In replacing Wilkes and Blakely, we are in the process of spending $70 million dollars for two elementary schools. Aside from whether we should be building one of the highest-cost-per-student elementary schools in the state, what most concerns me about the board’s oversight is that no one paused to ask if it was wise to purchase buildings that enforce a model of education which will be completely outdated long before the buildings come down, and is likely out of date now. In other words, does it make sense to build extravagantly expensive schools when they lack the flexibility to adapt to better ways of schooling?

In parallel, last year’s budget crisis was largely self-created. The district negotiated a wage increase with the teachers at a time when they also knew that a budget shortfall was coming. The result was fired teachers and district-wide chaos. Whether this was accidental or intentional is almost beside the point — is this the way the largest employer on the island should be operating?

And finally, there is BHS, where an emphasis on “achievement” has resulted in a student body that delivers high grades and test scores but is also thoroughly mired in the national adolescent health crisis; the most recent Healthy Youth Survey reports that 65 percent of our high schoolers do not enjoy being at school and that 20 percent of our high and middle schoolers have contemplated suicide in the past year.

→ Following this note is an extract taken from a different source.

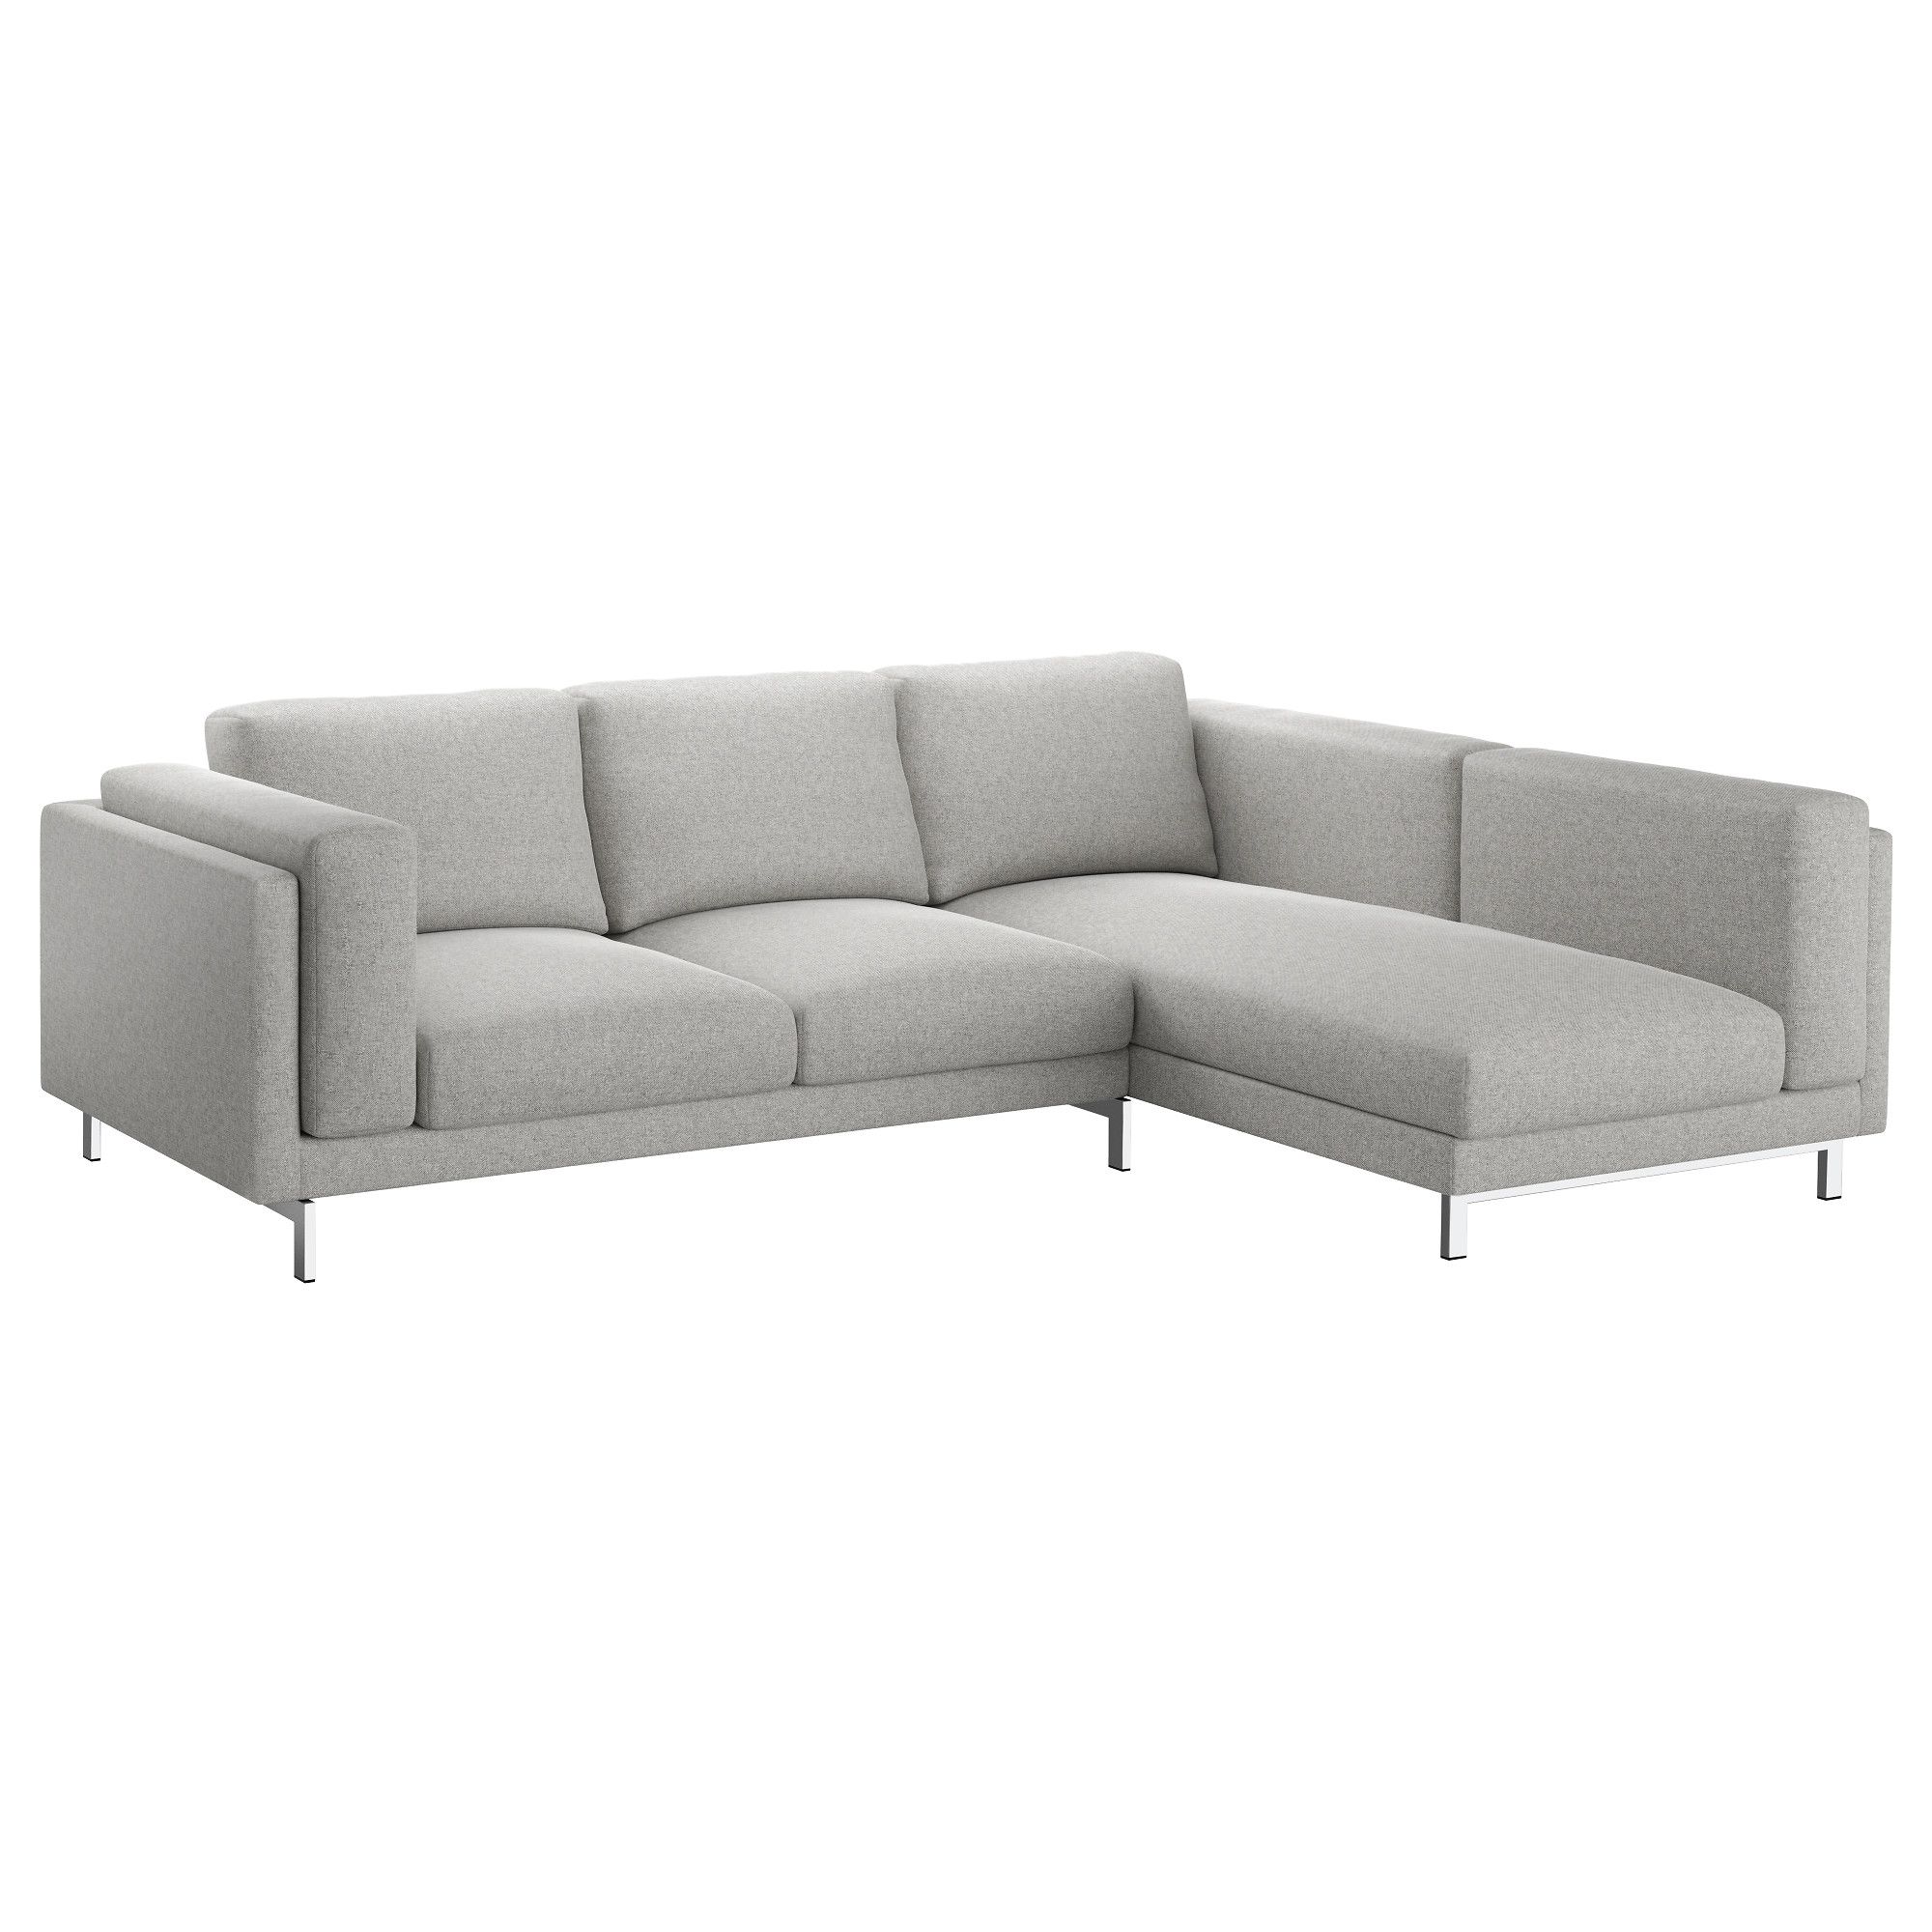 Sectional Sofas At Ikea Pertaining To Current Nockeby Sofa – With Chaise, Left/tallmyra White/black, Chrome (View 1 of 15)

I’ve had the opportunity to speak with Christina about her ideas and methods, and her energy, commitment, and intelligence give me real hope that these issues can be addressed in the way that they need to be. As a public health veteran who spent years in Africa dealing with issues of economics, education, and adolescent development, Christina brings strategic thinking, sophistication in understanding the intersection of data and real life, and a belief that we can best serve our kids by, as she puts it, “a process of nurturing, inspiring, and shaping human beings to thrive.”

She is a rare combination of expertise and imagination, experience and curiosity, and all of us would be fortunate to have her working for our children.